[Saved data entries]
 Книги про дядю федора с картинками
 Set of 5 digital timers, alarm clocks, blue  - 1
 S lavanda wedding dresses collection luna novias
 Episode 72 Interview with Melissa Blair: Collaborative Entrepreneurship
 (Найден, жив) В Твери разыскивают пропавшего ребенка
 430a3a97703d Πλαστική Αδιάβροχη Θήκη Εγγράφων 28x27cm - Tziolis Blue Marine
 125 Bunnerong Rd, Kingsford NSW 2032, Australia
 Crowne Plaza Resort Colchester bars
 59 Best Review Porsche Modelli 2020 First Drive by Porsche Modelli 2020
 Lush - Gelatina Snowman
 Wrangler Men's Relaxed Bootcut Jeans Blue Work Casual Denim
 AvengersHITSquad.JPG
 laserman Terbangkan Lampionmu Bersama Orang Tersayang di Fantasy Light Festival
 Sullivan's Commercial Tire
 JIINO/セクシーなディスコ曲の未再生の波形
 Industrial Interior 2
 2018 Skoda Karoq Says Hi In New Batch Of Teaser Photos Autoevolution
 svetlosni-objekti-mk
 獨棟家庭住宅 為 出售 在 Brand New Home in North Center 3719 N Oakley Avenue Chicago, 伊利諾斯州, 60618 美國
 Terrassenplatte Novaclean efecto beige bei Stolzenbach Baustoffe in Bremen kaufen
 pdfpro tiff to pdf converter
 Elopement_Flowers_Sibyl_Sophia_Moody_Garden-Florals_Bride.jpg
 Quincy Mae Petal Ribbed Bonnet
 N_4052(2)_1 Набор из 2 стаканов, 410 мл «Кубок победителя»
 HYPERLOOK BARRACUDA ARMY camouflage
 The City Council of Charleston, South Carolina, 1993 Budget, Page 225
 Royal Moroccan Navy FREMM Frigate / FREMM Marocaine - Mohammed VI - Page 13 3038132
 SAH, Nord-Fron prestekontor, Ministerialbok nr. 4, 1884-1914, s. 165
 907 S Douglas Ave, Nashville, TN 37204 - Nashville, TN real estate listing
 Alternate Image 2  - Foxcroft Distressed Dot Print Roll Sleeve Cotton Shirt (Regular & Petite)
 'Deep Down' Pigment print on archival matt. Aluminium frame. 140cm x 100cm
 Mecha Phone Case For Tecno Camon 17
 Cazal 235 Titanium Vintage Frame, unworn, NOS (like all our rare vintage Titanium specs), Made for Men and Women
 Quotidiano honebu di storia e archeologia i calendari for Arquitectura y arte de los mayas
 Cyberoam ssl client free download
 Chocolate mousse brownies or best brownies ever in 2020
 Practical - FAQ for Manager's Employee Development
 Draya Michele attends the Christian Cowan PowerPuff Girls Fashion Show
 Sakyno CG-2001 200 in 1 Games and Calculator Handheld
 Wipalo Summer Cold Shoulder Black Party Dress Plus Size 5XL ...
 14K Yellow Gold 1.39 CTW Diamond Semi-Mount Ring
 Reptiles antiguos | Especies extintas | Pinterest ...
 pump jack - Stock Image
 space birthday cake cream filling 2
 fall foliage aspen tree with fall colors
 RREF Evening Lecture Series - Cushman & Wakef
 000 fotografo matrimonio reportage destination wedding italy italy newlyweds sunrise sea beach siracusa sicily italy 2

What is required: Output only the lines from the one that contains "Alternate Image 2" through the last line of the data above, each restated exactly.

Problem solution:
 Alternate Image 2  - Foxcroft Distressed Dot Print Roll Sleeve Cotton Shirt (Regular & Petite)
 'Deep Down' Pigment print on archival matt. Aluminium frame. 140cm x 100cm
 Mecha Phone Case For Tecno Camon 17
 Cazal 235 Titanium Vintage Frame, unworn, NOS (like all our rare vintage Titanium specs), Made for Men and Women
 Quotidiano honebu di storia e archeologia i calendari for Arquitectura y arte de los mayas
 Cyberoam ssl client free download
 Chocolate mousse brownies or best brownies ever in 2020
 Practical - FAQ for Manager's Employee Development
 Draya Michele attends the Christian Cowan PowerPuff Girls Fashion Show
 Sakyno CG-2001 200 in 1 Games and Calculator Handheld
 Wipalo Summer Cold Shoulder Black Party Dress Plus Size 5XL ...
 14K Yellow Gold 1.39 CTW Diamond Semi-Mount Ring
 Reptiles antiguos | Especies extintas | Pinterest ...
 pump jack - Stock Image
 space birthday cake cream filling 2
 fall foliage aspen tree with fall colors
 RREF Evening Lecture Series - Cushman & Wakef
 000 fotografo matrimonio reportage destination wedding italy italy newlyweds sunrise sea beach siracusa sicily italy 2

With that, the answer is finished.